▶ [Required action]: Keep the pictures out. Write out every line of the listing exactly.

▶ [Data block]:
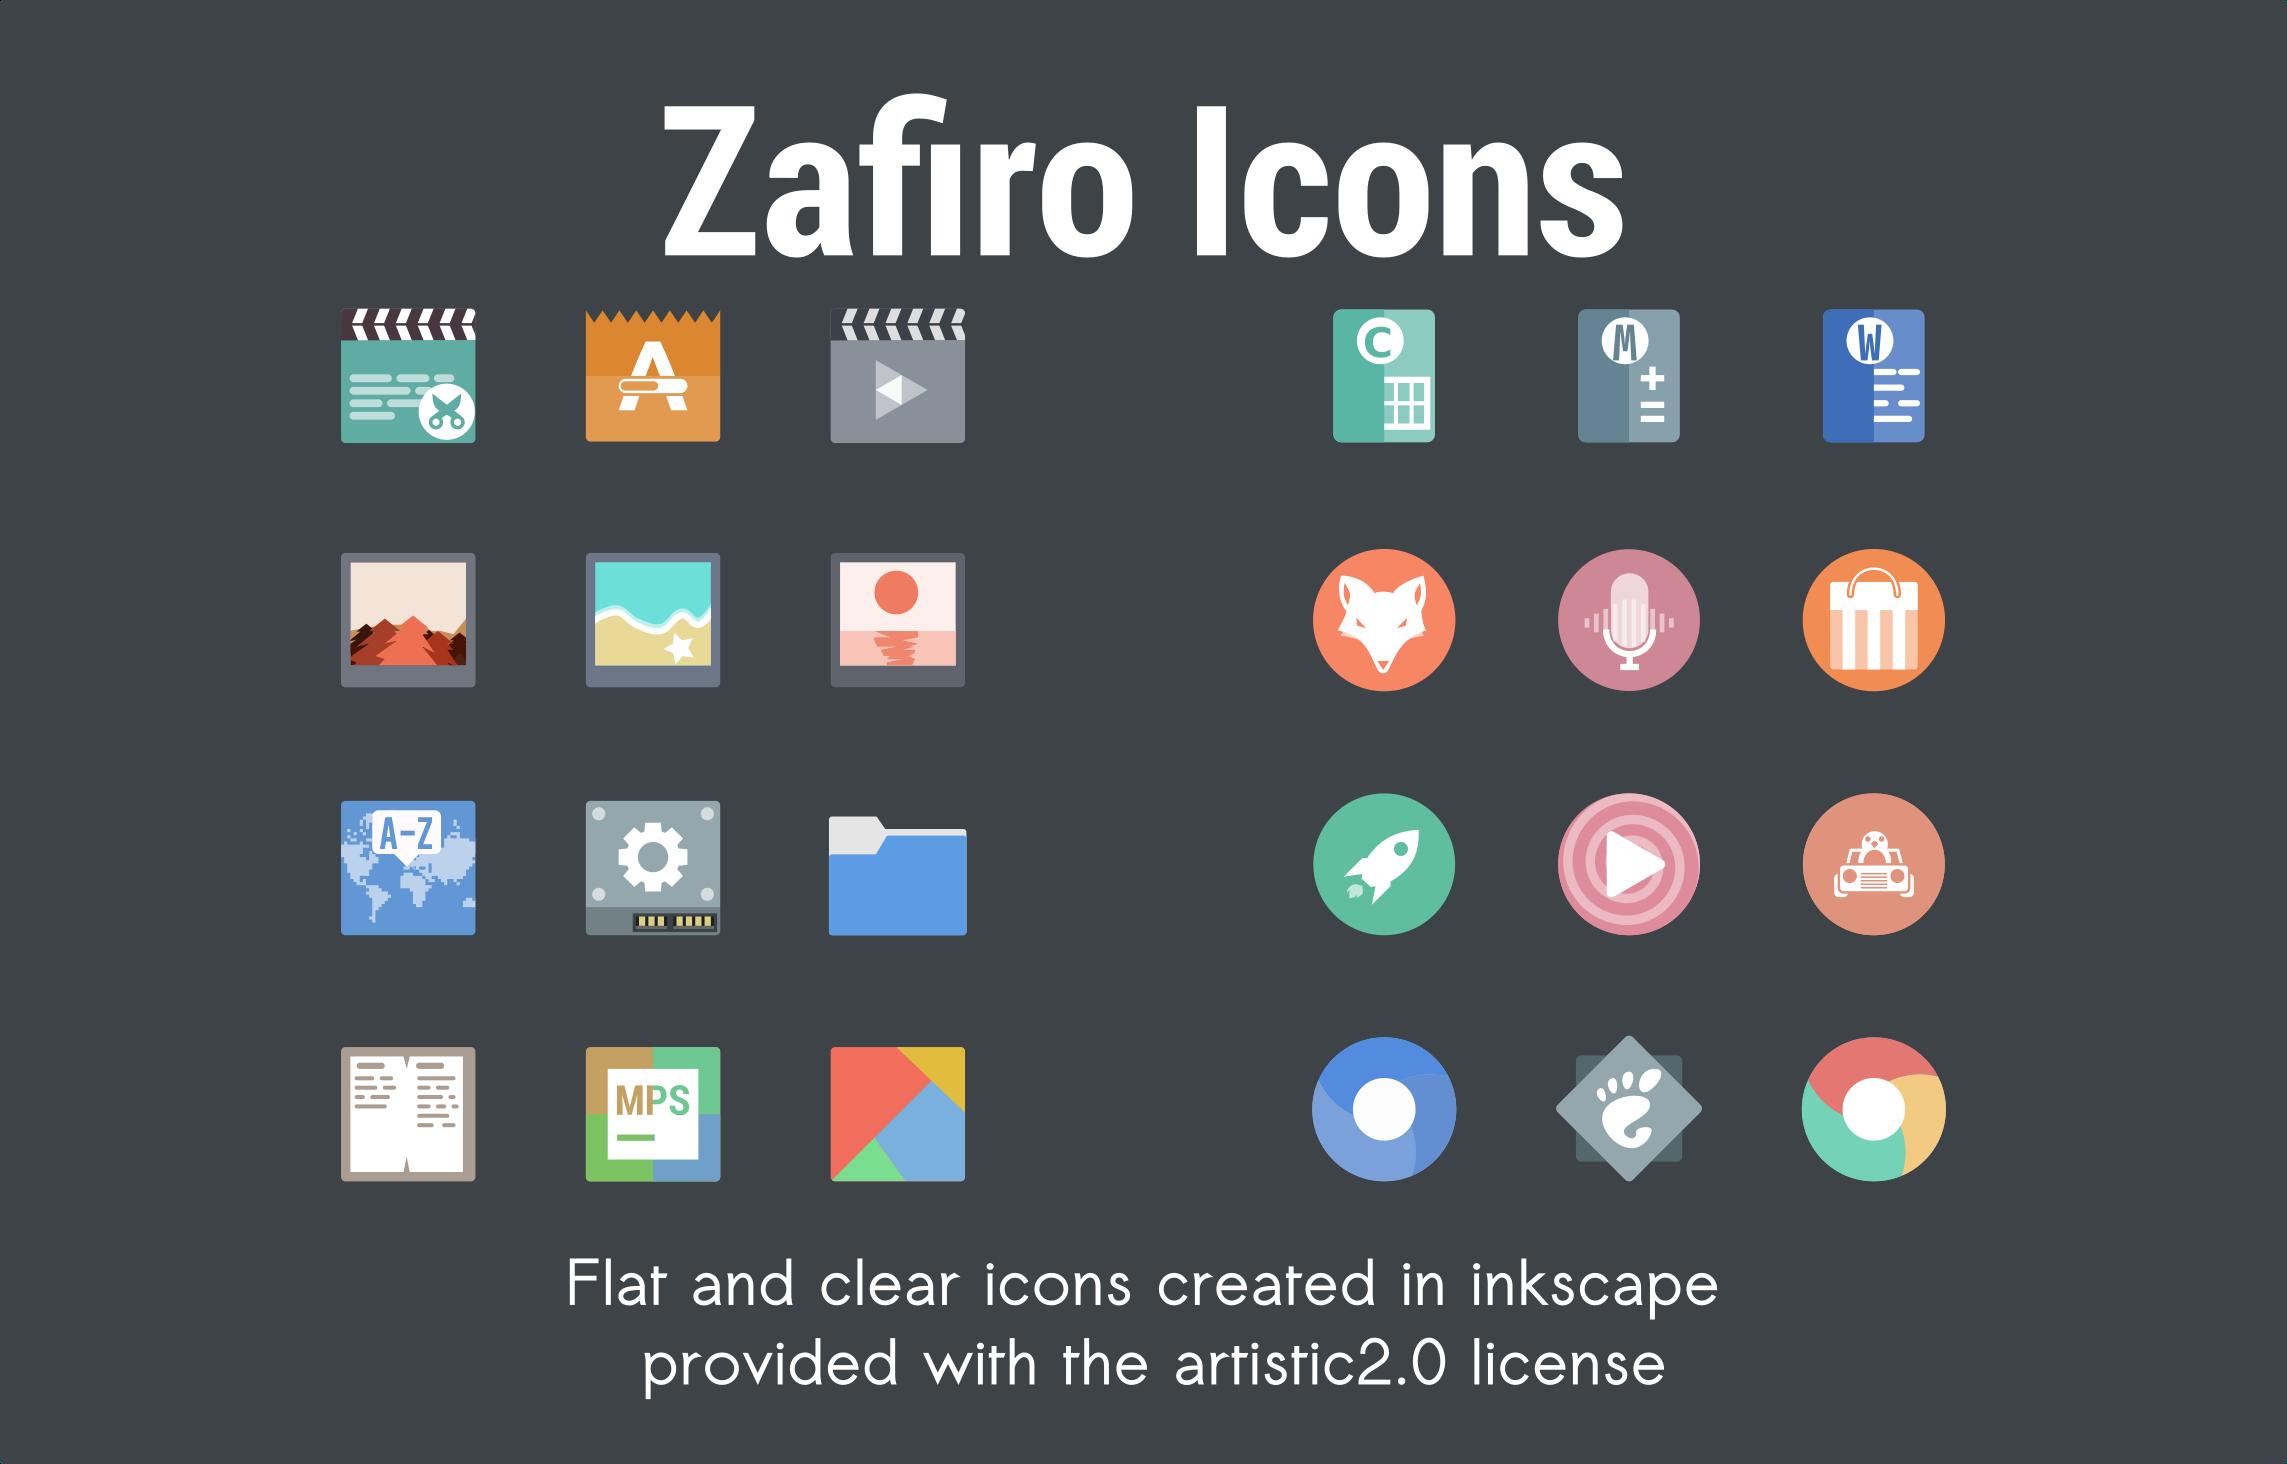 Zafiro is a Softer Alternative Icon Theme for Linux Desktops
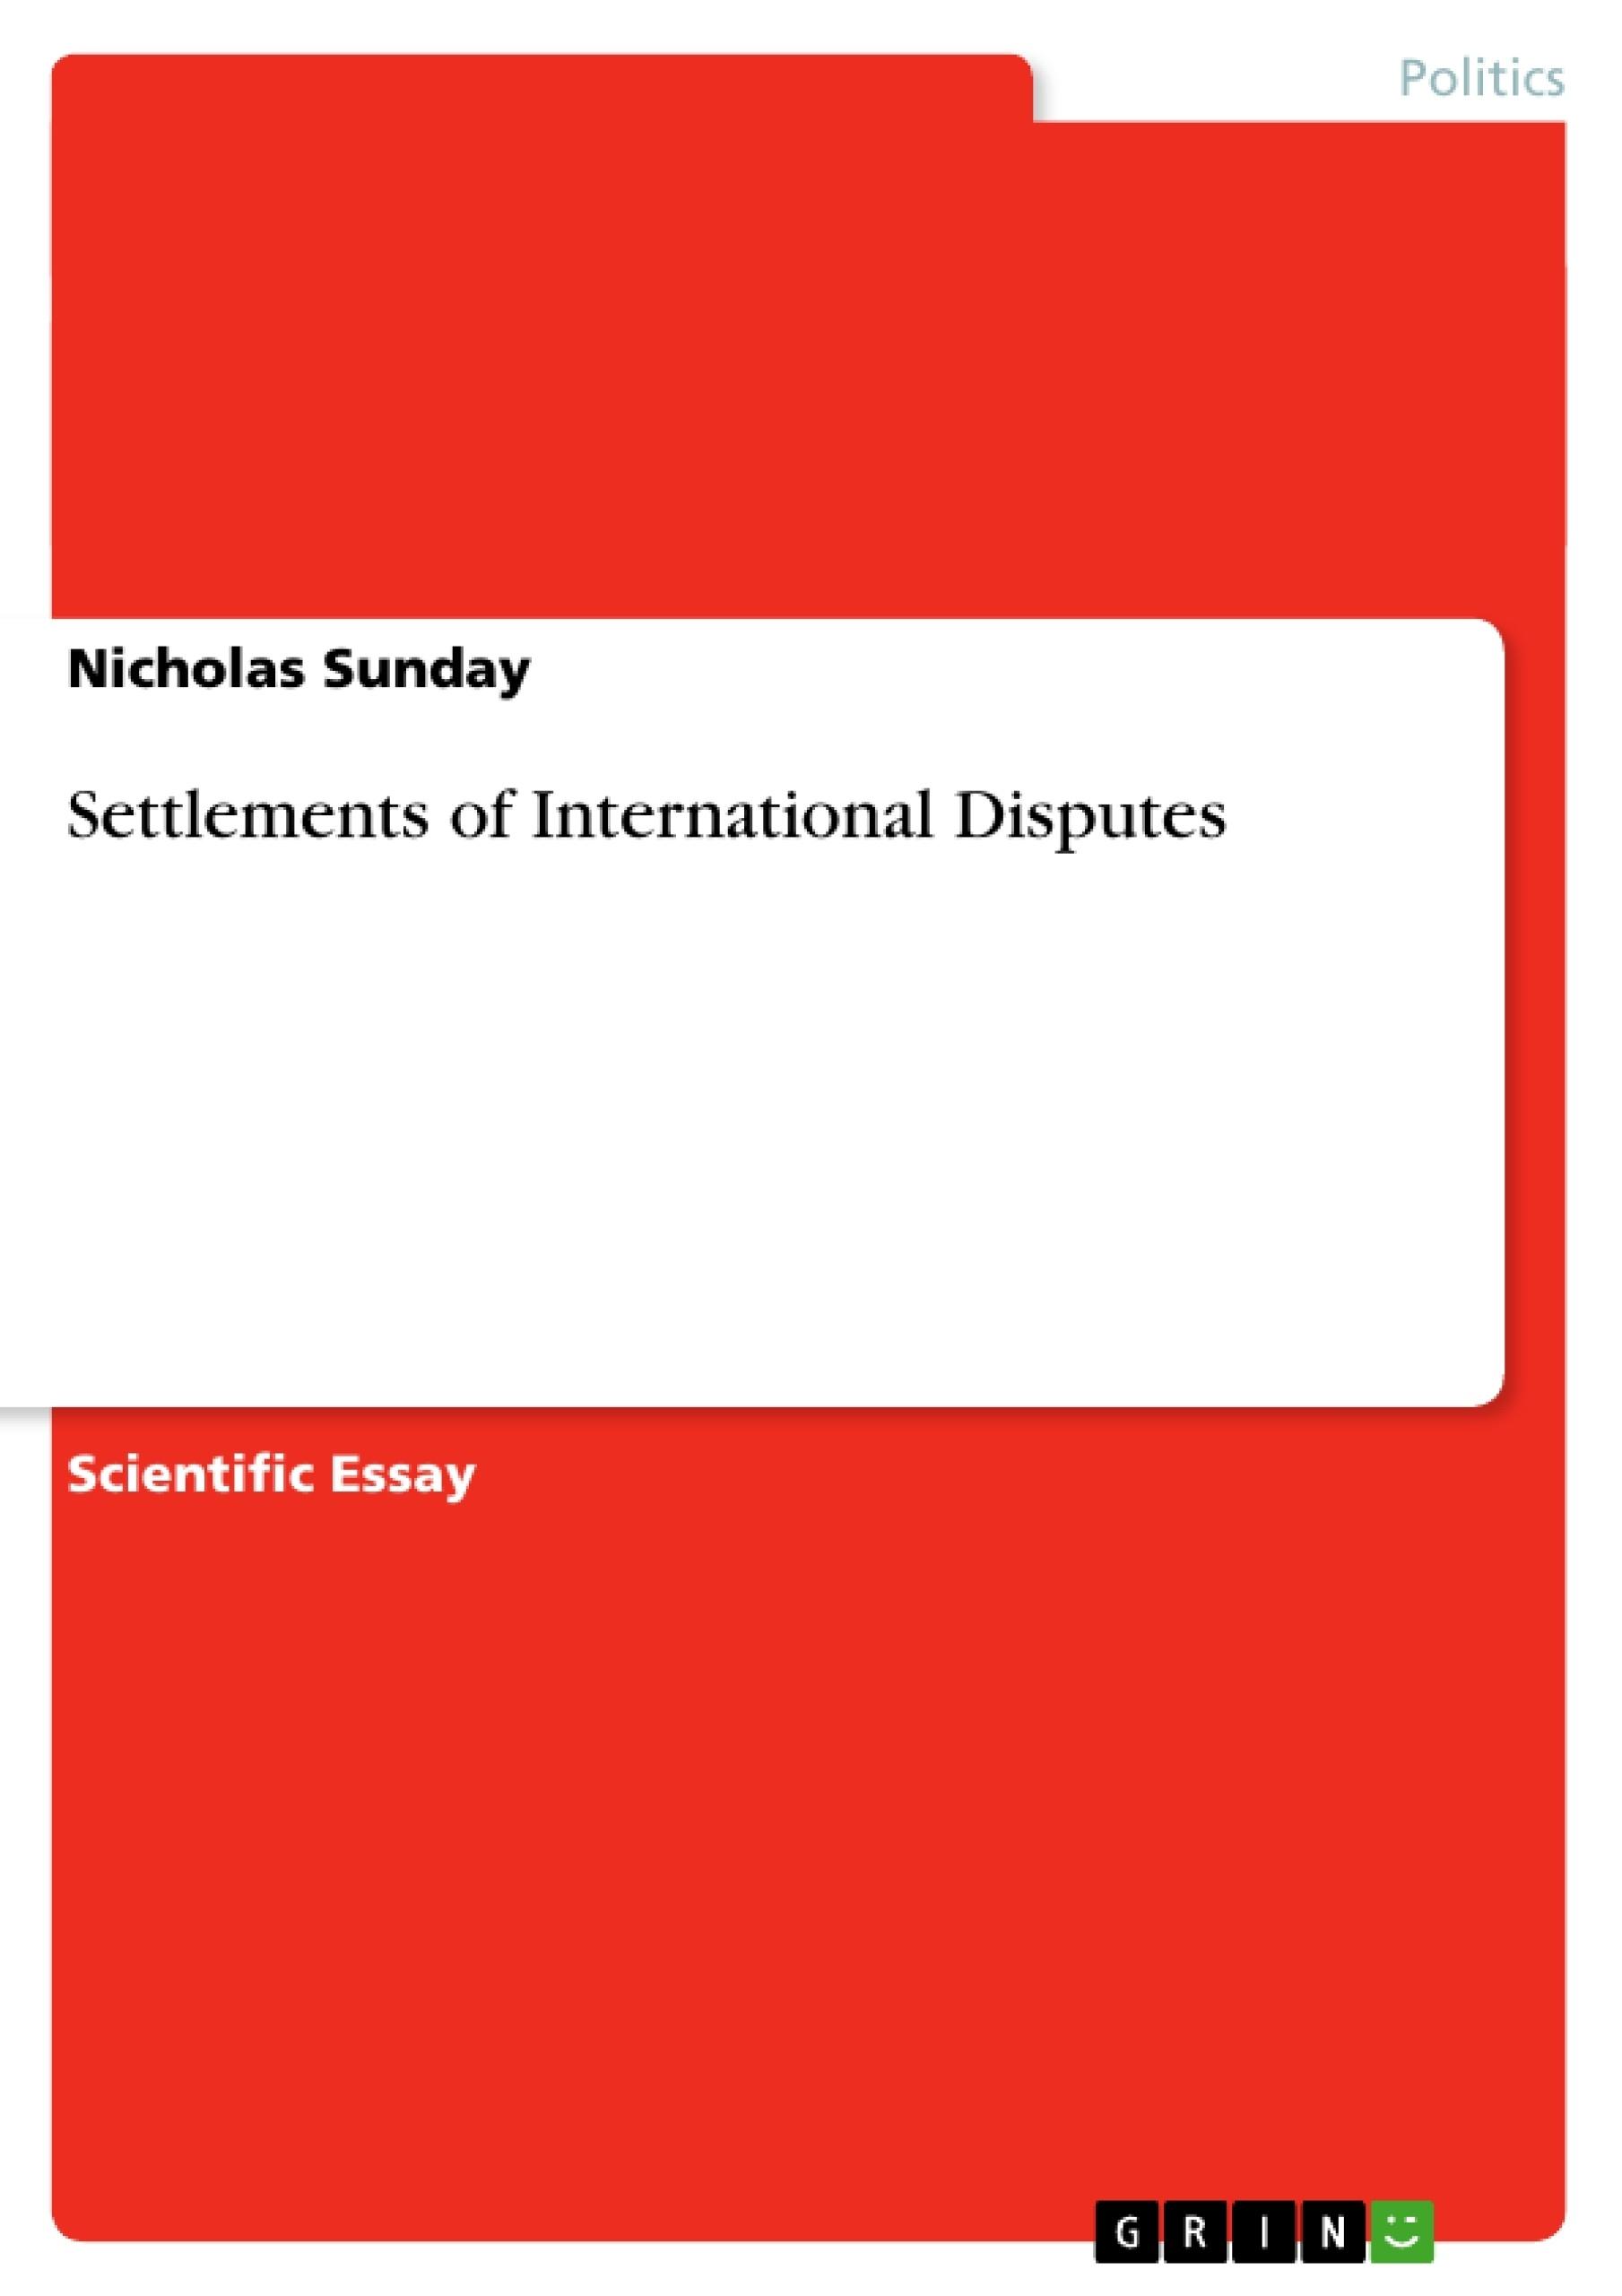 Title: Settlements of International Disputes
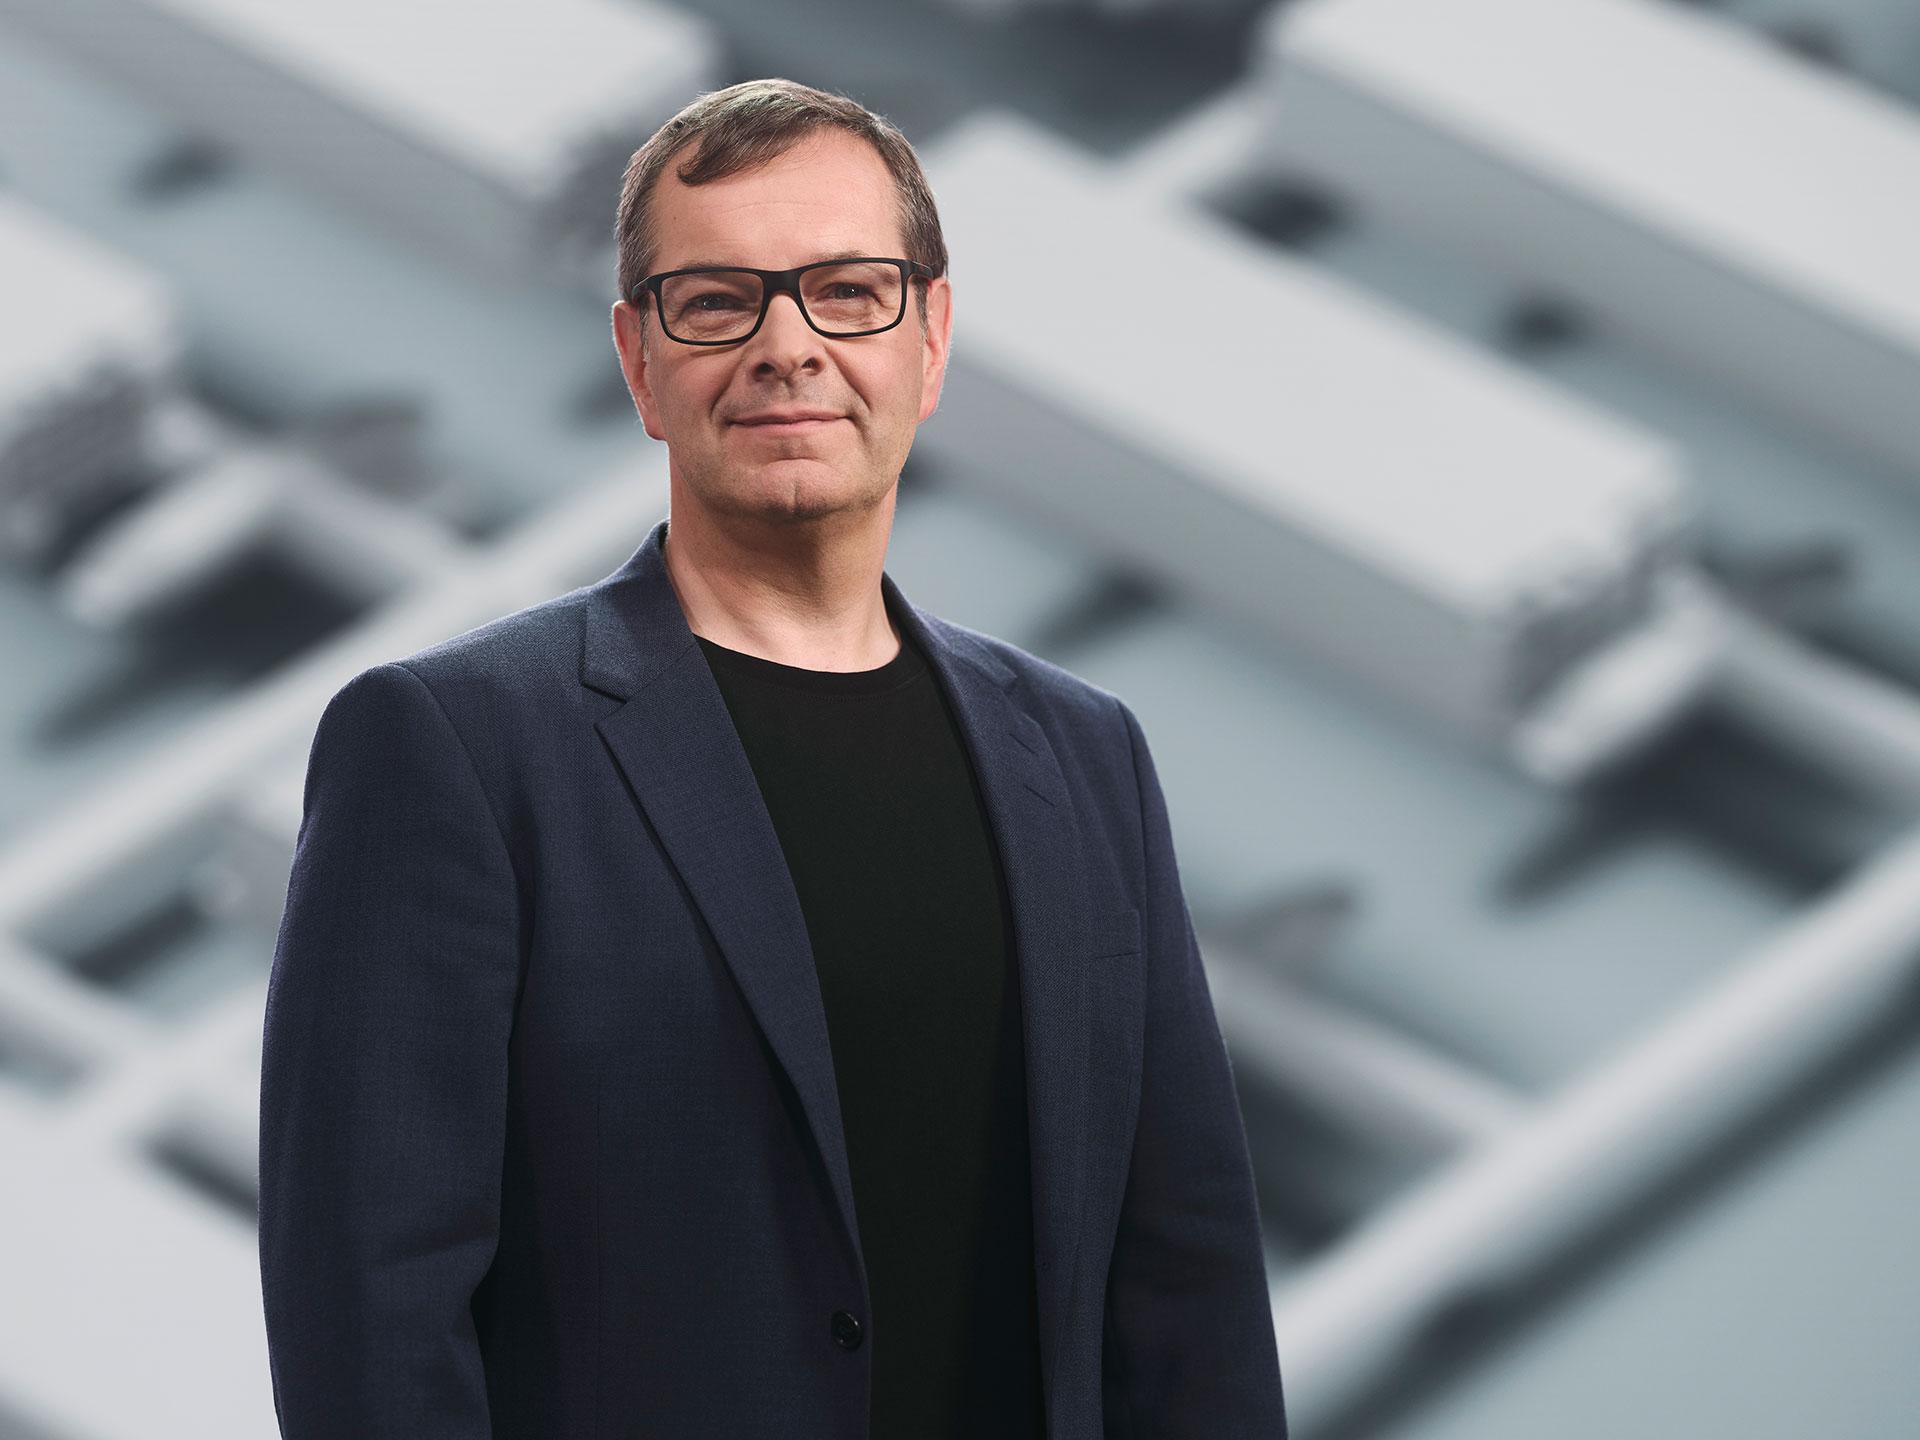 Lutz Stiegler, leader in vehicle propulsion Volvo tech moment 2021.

▶ [Response to the task]:
 Zafiro is a Softer Alternative Icon Theme for Linux Desktops
 Title: Settlements of International Disputes
 Lutz Stiegler, leader in vehicle propulsion Volvo tech moment 2021.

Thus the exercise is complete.